Considering holding a student back a grade (called “retention”) is a common question wrestled with by both parents and educators. Some parents will choose to delay starting their child in kindergarten, often called red-shirting, for a variety of reasons.
This article is not referring to red-shirting, but rather retaining a student who has already started school.
Rationales for Retention
Many state governments mandate retention in certain circumstances. For example, in my state, 4th grade students who read below a 3rd grade level must be retained, unless they are in special education or on a 504 Plan for reading or have limited English proficiency.
Aside from mandatory retention, the main reason people want to retain a student is due to perceived issues with academic performance. However, the reality is that schools are required to educate students who have a wide variety of experiences and abilities. This diversity makes it inevitable that some students will fall behind their peers.
It would seem intuitive that, for a student who is academically behind, retention would be beneficial. After all, re-teaching the concepts seems a logical strategy to improve performance. The research behind retention, however, shows that any such benefits are short-lived. In fact, more of the same kind of instruction is often ineffective.
Risks of Retention
In most educational circles, retaining or holding a student back is not considered good practice. Consider these statistics:
- Research around retention has shown that students who are retained at least once prior to high school are at significantly higher risk of dropping out.
- Approximately 69% of retained students end up dropping out in high school. That is more than three times the national average.
- Students who are retained two or more grades drop out at a rate of over 93%.
The significance of these findings cannot be overstated. Retaining a student twice almost guarantees they will not finish school. Retention for even one year may seriously compromise their persistence to graduation.
Retention’s Opposite: Social Promotion
One might argue that the opposite of retention, social promotion, is also a bad practice. Social promotion is advancing students to the next grade, even when they lag significantly behind their peers in academic performance. If retention is a bad practice and social promotion is a bad practice, then what’s to be done?
Alternative to Retention: Intervention
Instead of retention or social promotion, most educators recommend and follow a different approach for students who are falling behind: Intervention.
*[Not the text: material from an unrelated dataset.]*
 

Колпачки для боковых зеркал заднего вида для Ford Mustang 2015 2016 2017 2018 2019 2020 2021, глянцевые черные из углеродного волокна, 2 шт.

Rather than focusing on whether academic retention is helpful, it is important for parents and schools to focus on identifying students who are struggling and providing early intervention. This focus on prevention is often called a 3-tiered intervention model.
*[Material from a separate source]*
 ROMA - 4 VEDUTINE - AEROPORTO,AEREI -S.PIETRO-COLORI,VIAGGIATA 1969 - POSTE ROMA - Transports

- All students are screened for academic delays in all grades.
- “Interventions” are designed for students who are behind, while “enrichment” is provided for other students.
- For students who are significantly behind or are resistant to simple interventions, more intensive interventions are required. In some cases, special education may be appropriate if a disability exists.
When Retention May be Beneficial
Despite the statistics showing that retention is not a good practice, some individuals will still insist on retention. In those cases, there are a few factors to consider. Many schools will use the Light’s Retention Scale to determine if the student is a good candidate. No one factor alone should determine if the student is retained, but multiple factors that all point to the potential benefit. Students who are the best candidates to benefit from retention:
- are academically behind,
- have a summer birthday,
- are physically or socially immature,
- are in kindergarten or first grade,
- and have good parental involvement in school.
In most situations, grade retention is not the best solution. Parents and educators must carefully consider the potential consequences and exhaust all appropriate interventions first.